Problem to solve —
Output only the stretch of the listing that starts at the line containing "Be Ready for" and ends at the line containing "EASY TAPE TAPE", reproduced exactly with both ends.

Task material —
#####

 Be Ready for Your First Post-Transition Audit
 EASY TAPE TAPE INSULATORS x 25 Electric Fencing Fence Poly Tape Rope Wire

#####

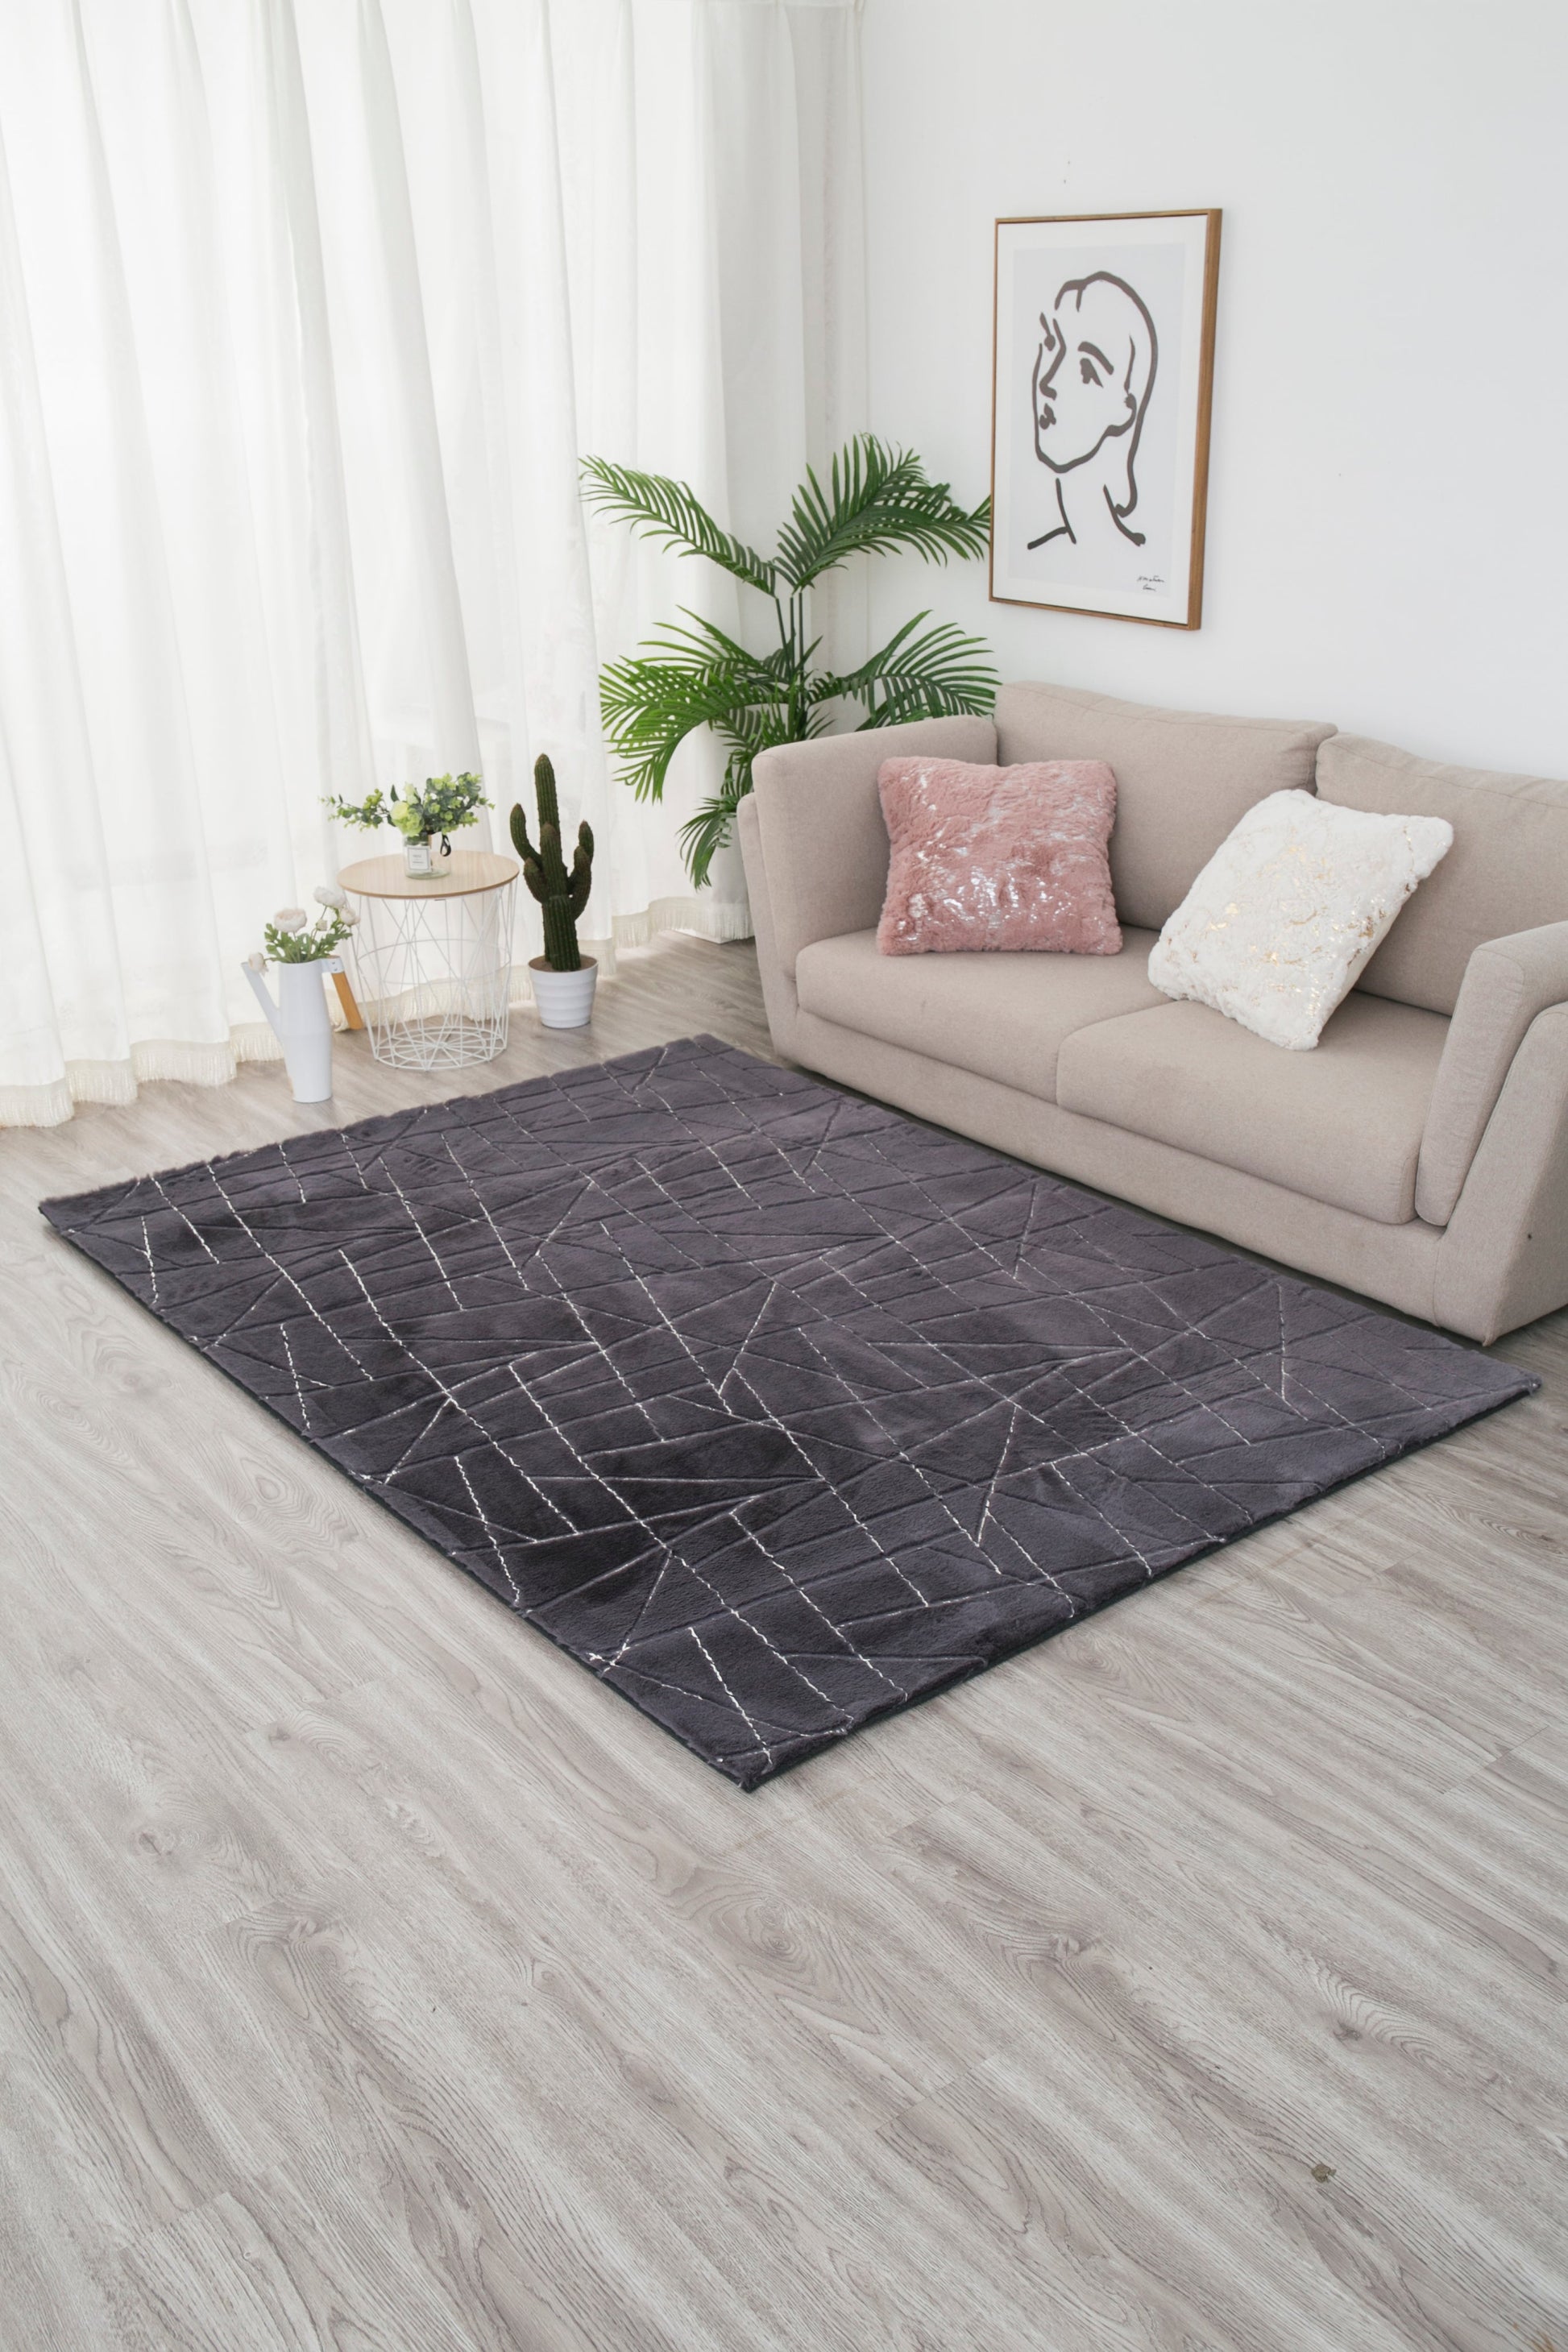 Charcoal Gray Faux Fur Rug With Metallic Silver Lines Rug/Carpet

#####

Response area —
 Be Ready for Your First Post-Transition Audit
 EASY TAPE TAPE INSULATORS x 25 Electric Fencing Fence Poly Tape Rope Wire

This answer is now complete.